I’m not sure why the first_rows_10 plan uses “table access by rowid batched”, but I’d guess it’s because the optimiser calculates that sorting the index rowids before visiting the table may have a small benefit on the speed of getting the first 10 rows – eventually I’ll get around to checking the 10053 trace file. The important thing, though, is the big mistake in the strategy, not the little difference in table access.
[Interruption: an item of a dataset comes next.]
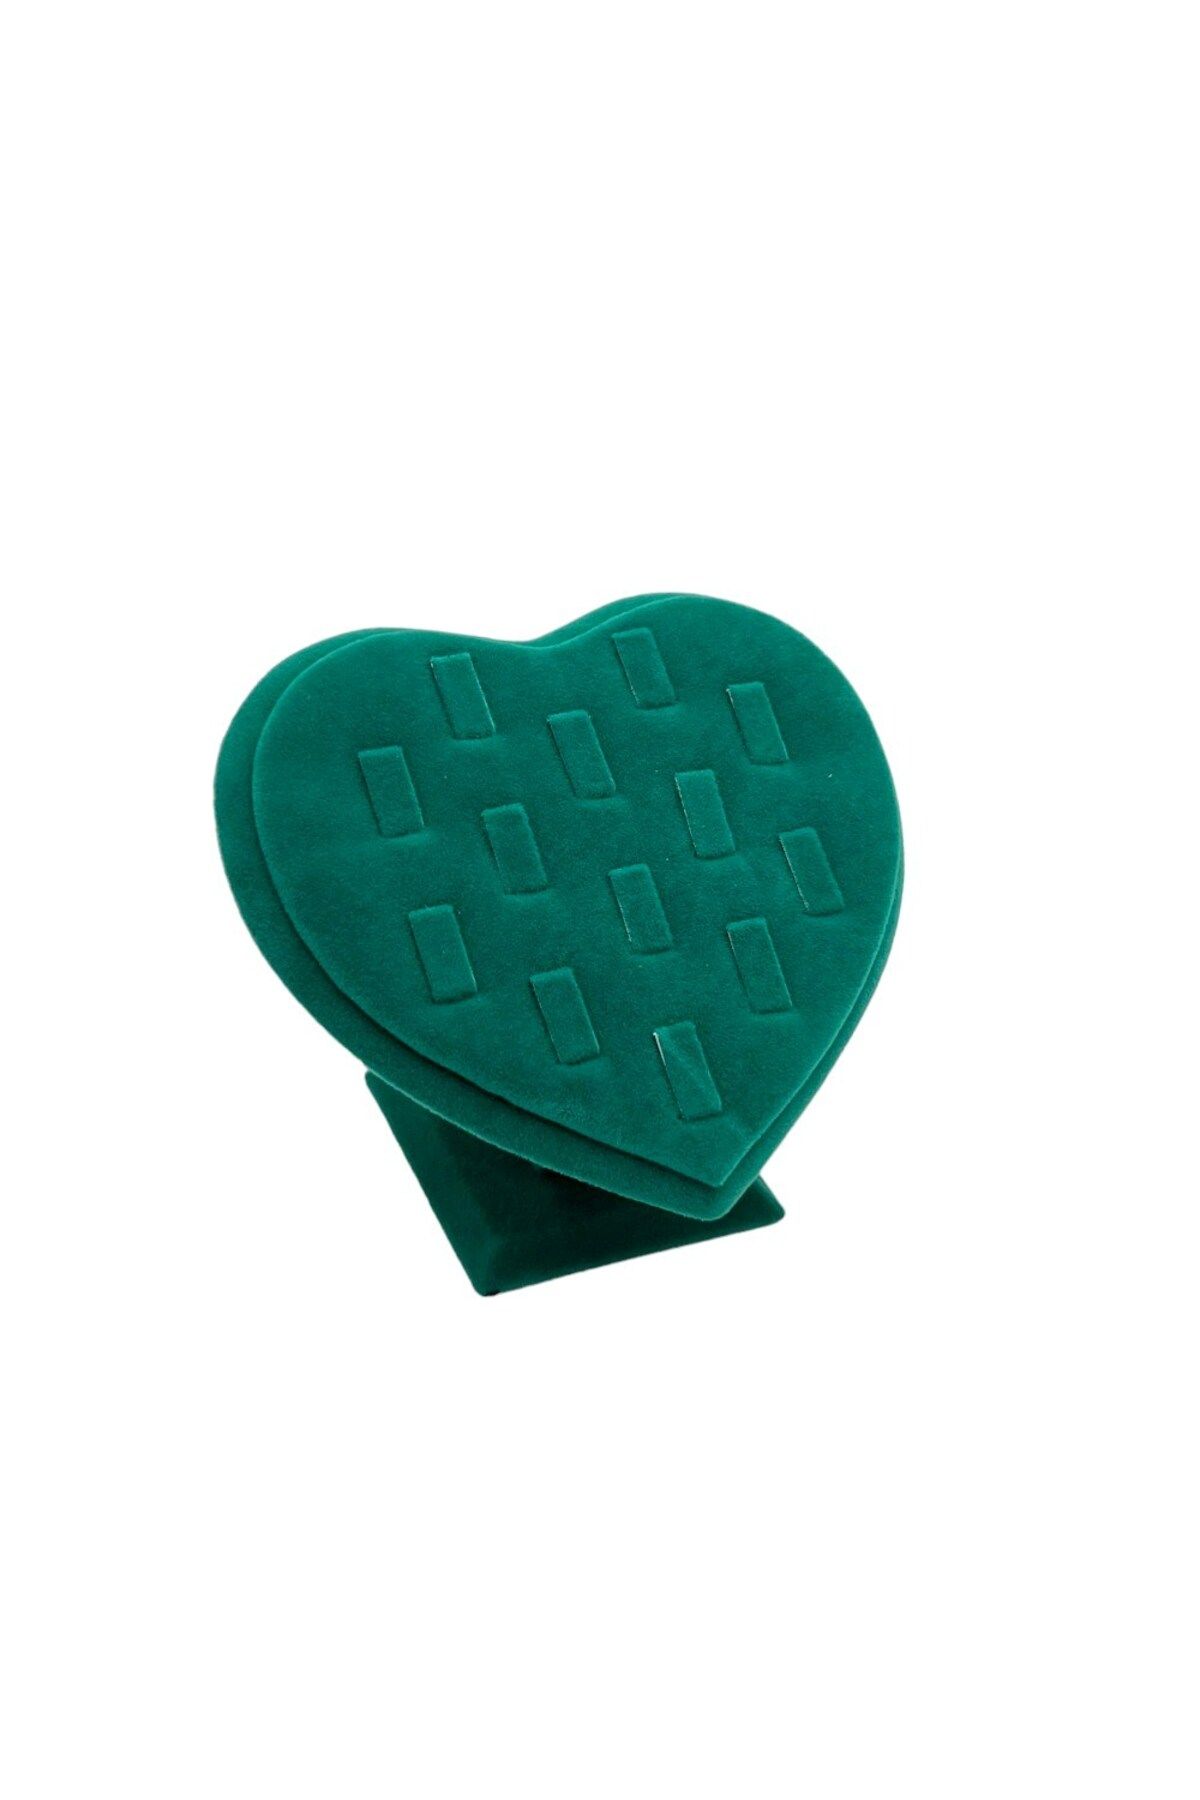 Zeyn Dekor Kalp Yüzük Standı Yeşil Renk

In the first_rows_10 plan the optimizer has decided building an in-memory hash table from the UNION ALL of the rows fetched from the two copies of the t1 table will be fast and efficient; but it’s made that decision based on the assumption that it will only get 10 rows from each copy of the table – and at run-time it HAS to get all the relevant t1 rows to build the hash table before it can get any t2 rows. We can get some idea of the scale of this error when we look at the hinted plan under all_rows optimisation – it’s a lot of redundant data and a very expensive hash table build.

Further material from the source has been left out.